Les pièges courants et comment les éviter


Ne pas confondre radicalité et révolution!

Dans le cas du Discours de la servitude volontaire, le principal piège serait de lire l’œuvre comme un pamphlet révolutionnaire annonçant les grands bouleversements à venir, et de présenter La Boétie comme un agitateur ou un rebelle à l’autorité. Cette lecture projetée fait fi de son contexte: l’auteur était un humaniste du XVie siècle, fidèle à la monarchie, proche de Montaigne, et profondément attaché à l’ordre établi.

Réduire le Discours à une dénonciation directe de la tyrannie, sans prendre en compte sa dimension anthropologique, c’est passer à côté de l’essentiel.

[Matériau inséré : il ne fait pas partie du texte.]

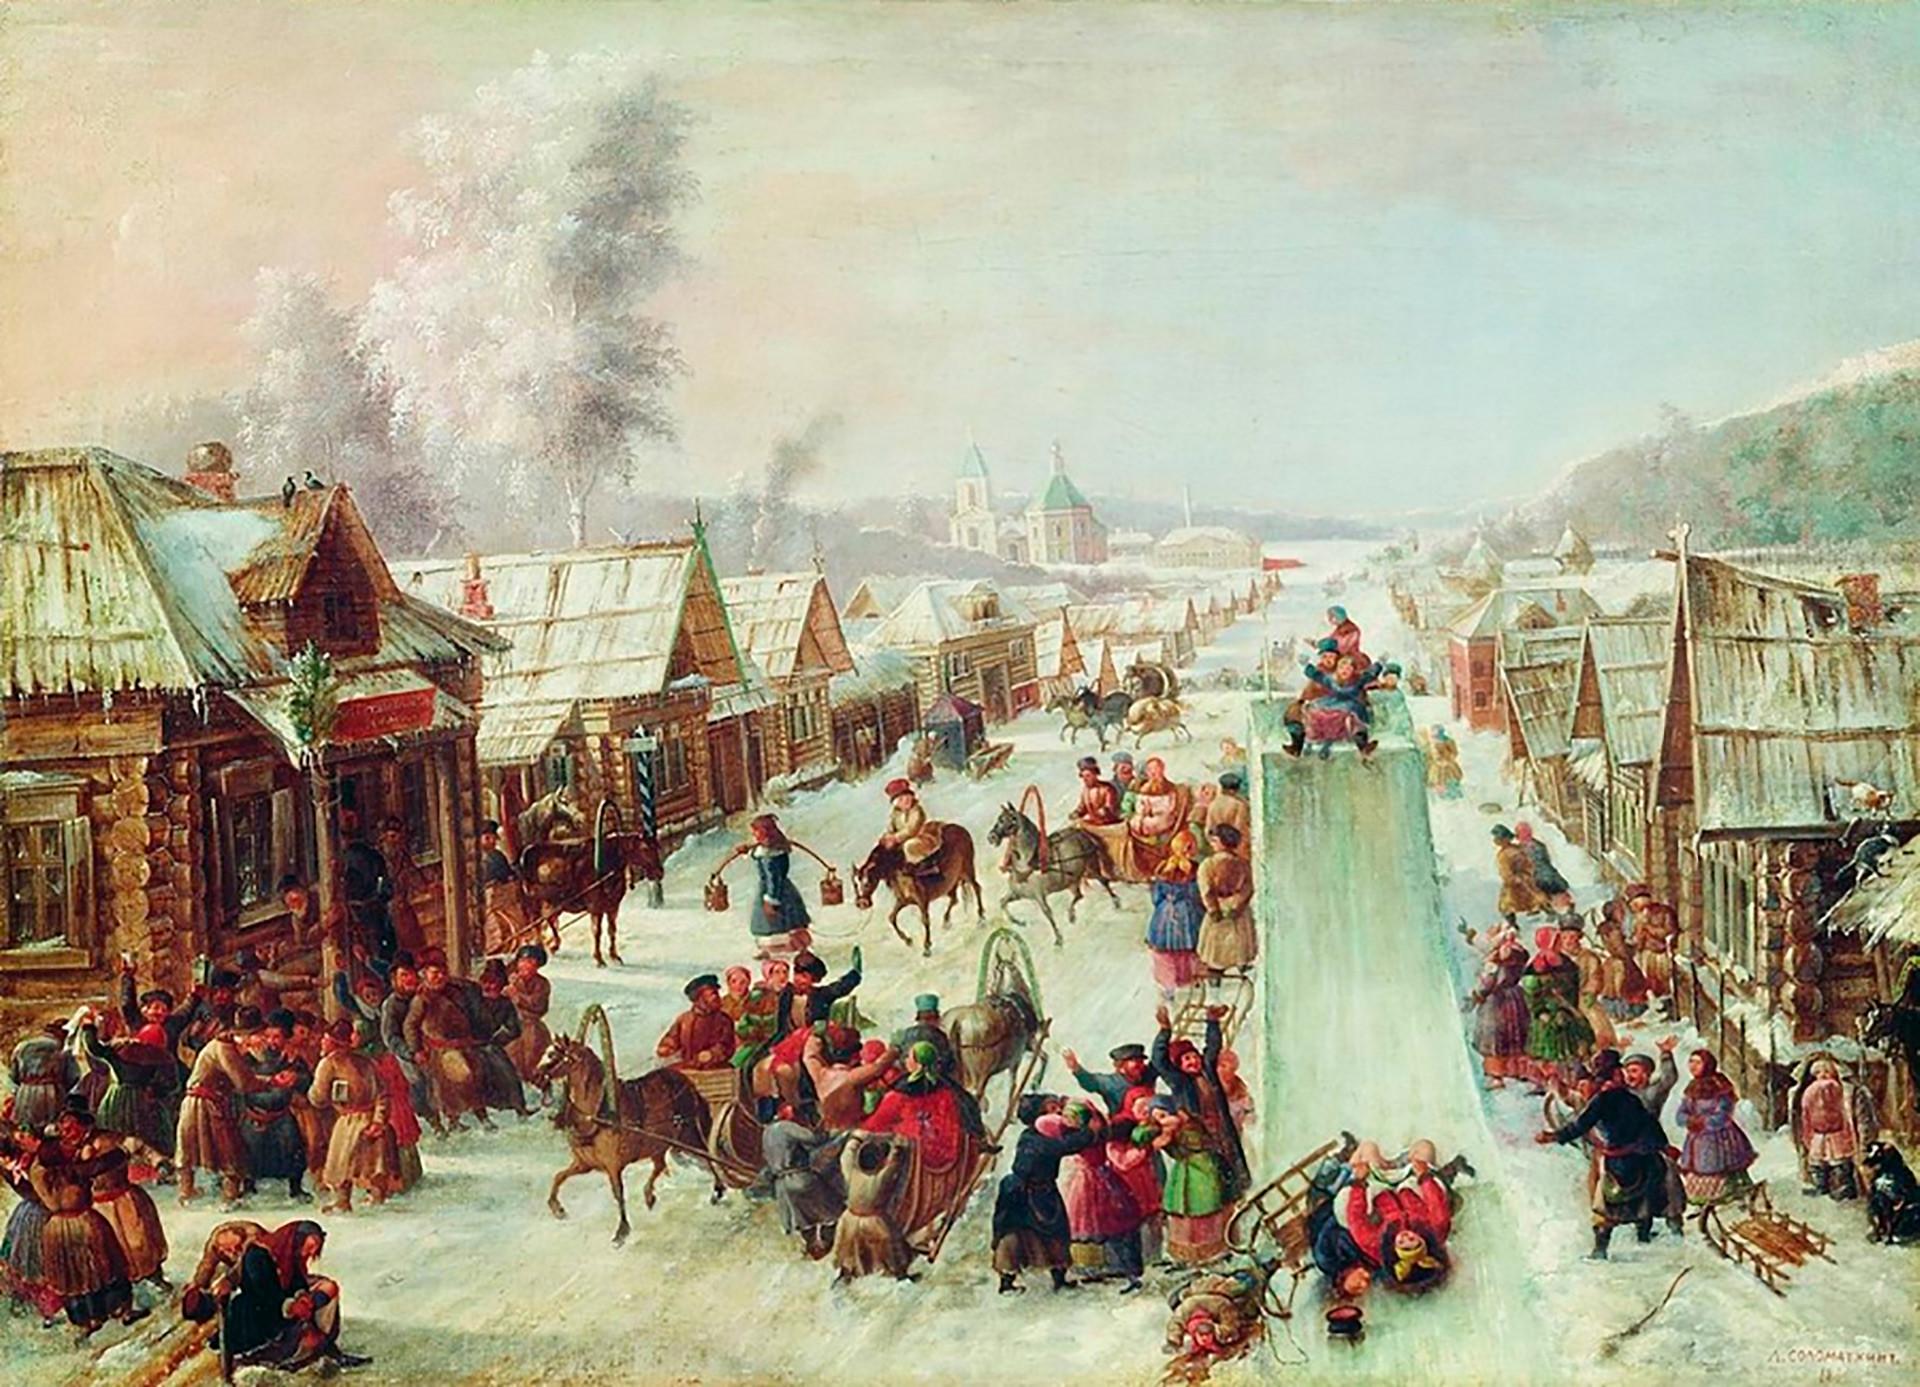 「マースレニツァ」、1878年

Le texte propose en réalité une réflexion complexe sur les mécanismes de la domination et de l’adhésion volontaire au pouvoir, qui touche à la psychologie collective, à l’éducation, aux habitudes culturelles. Il est donc impératif de recontextualiser le texte historiquement, notamment en Lien avec les guerres de Religion, la pensée politique de la Renaissance et les références antiques. 

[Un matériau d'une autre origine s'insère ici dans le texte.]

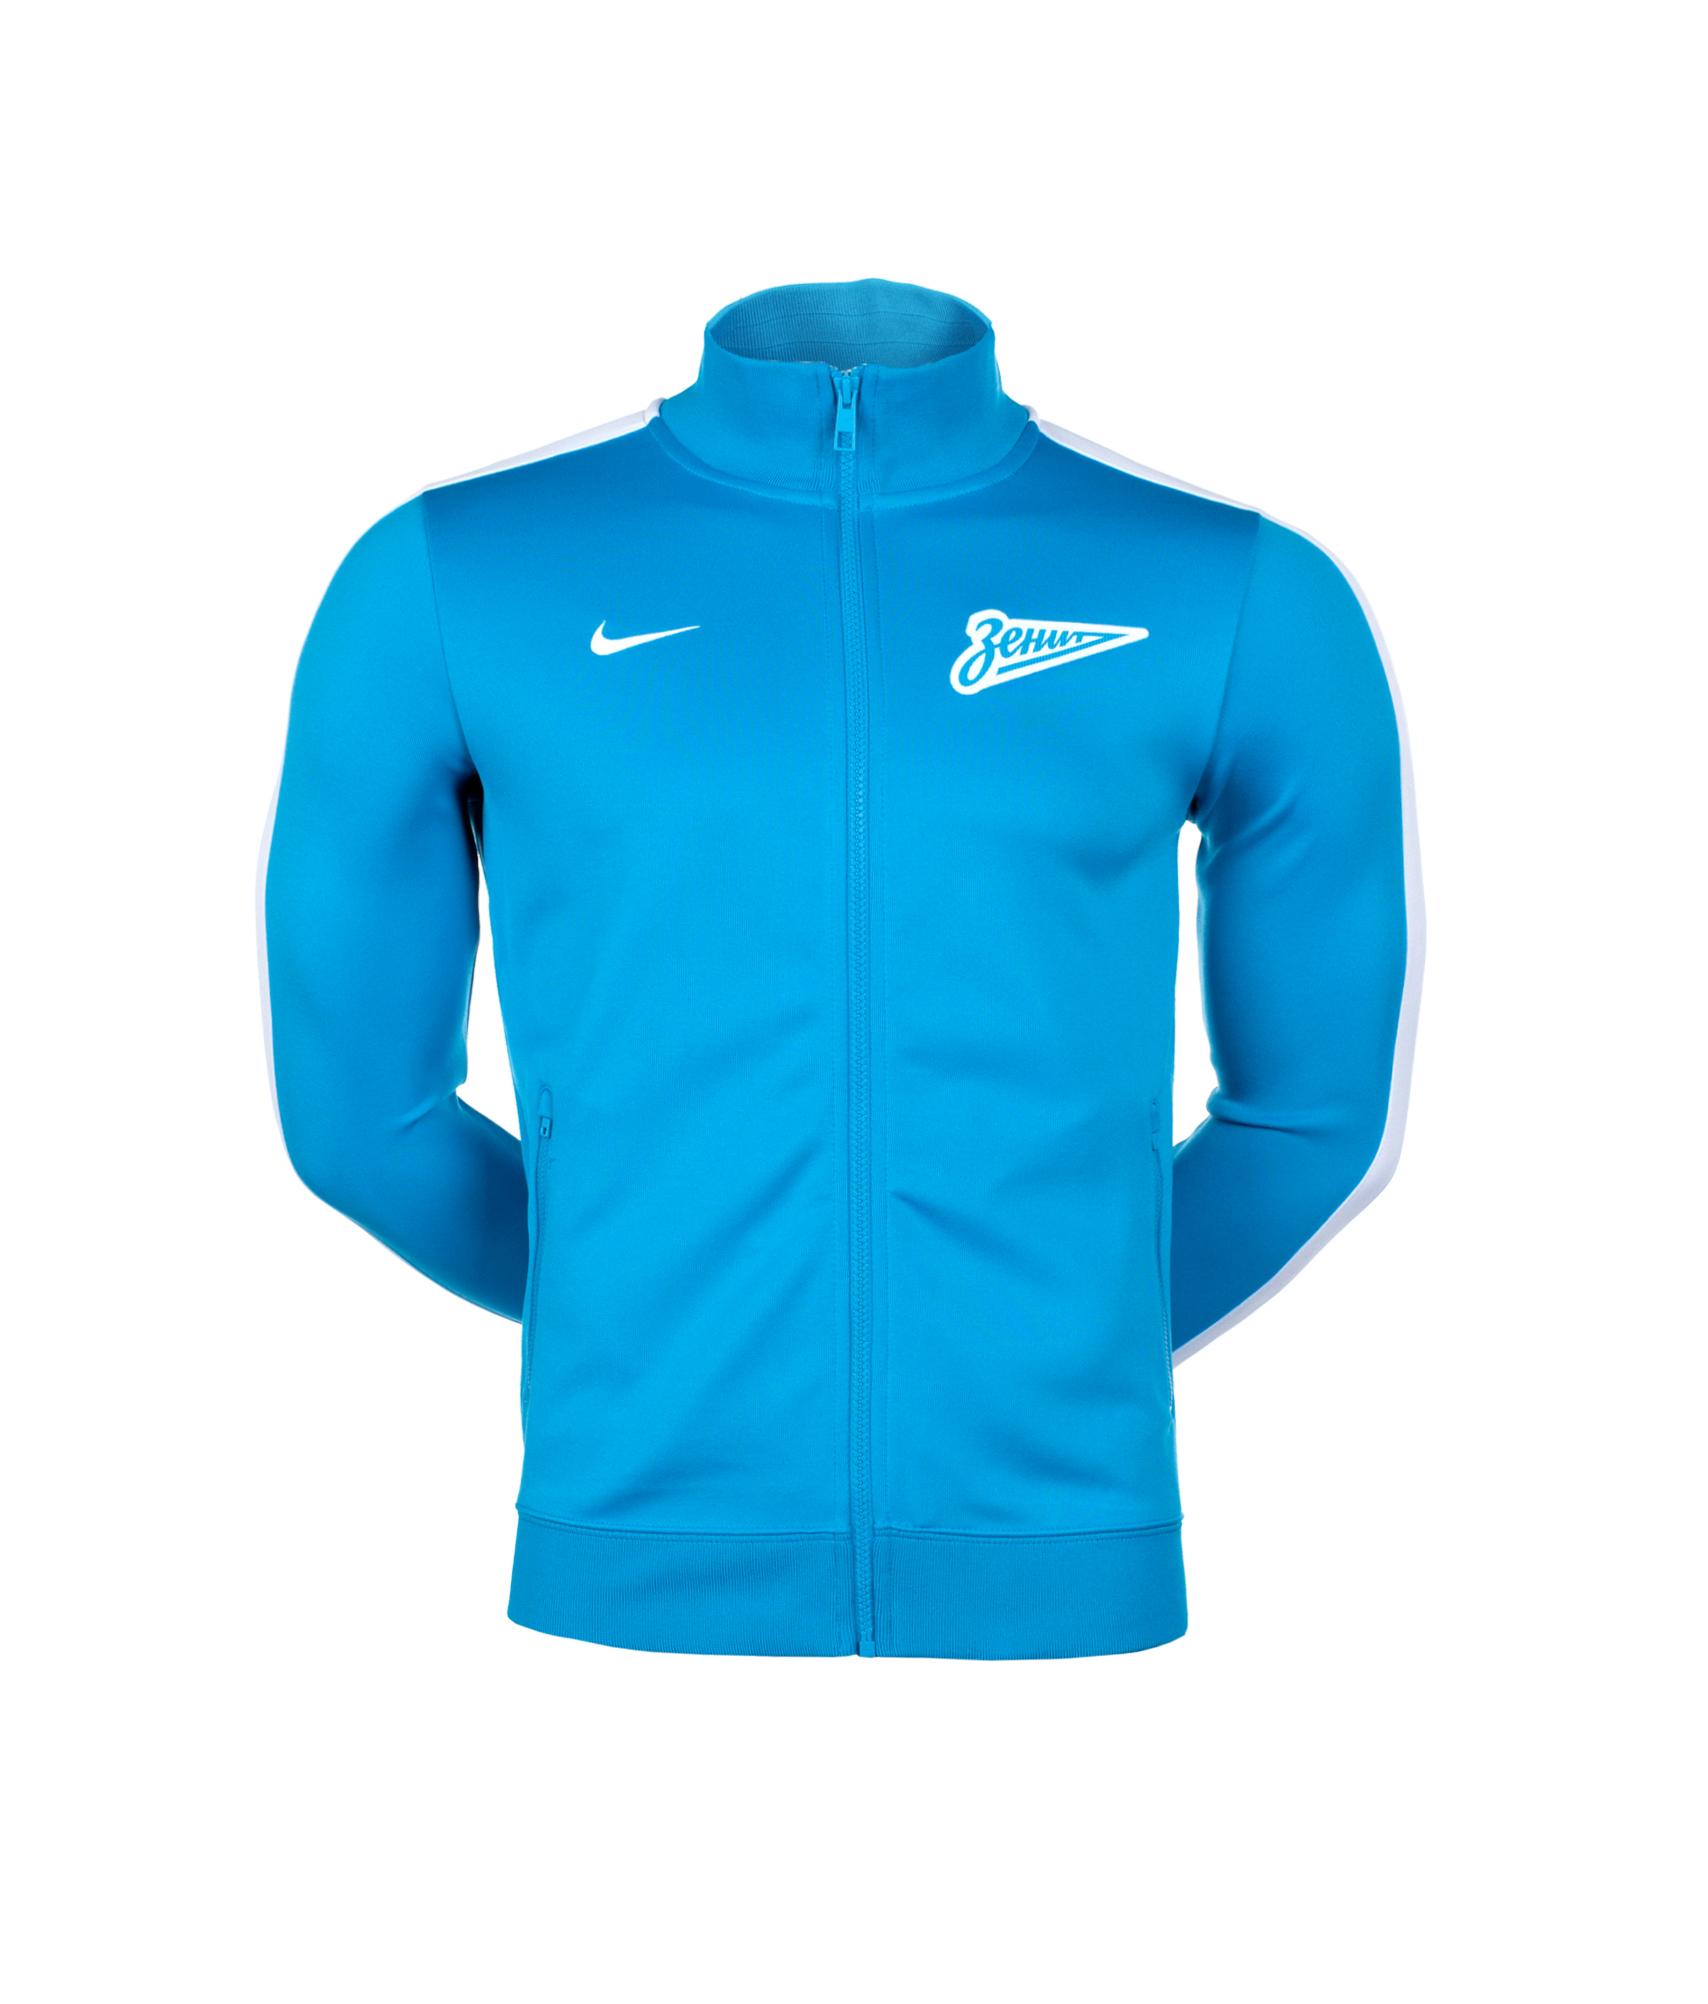 Лазурная олимпийка Nike, Цвет-Лазурный, Размер-S

Une lecture hors contexte pourrait entraîner des interprétations anachroniques, qui transformerait le Discours en appel à l’insoumission généralisée, ce qu’il n’est pas.

Enfin, il ne faut pas perdre de vue que ce texte, bien qu’il mobilise une rhétorique forte, ne constitue pas un programme politique, mais un exercice de pensée. Il s’agit moins d’un appel à agir que d’une invitation à comprendre pourquoi les peuples se soumettent si facilement — et ce faisant, à interroger notre propre rapport à l’autorité.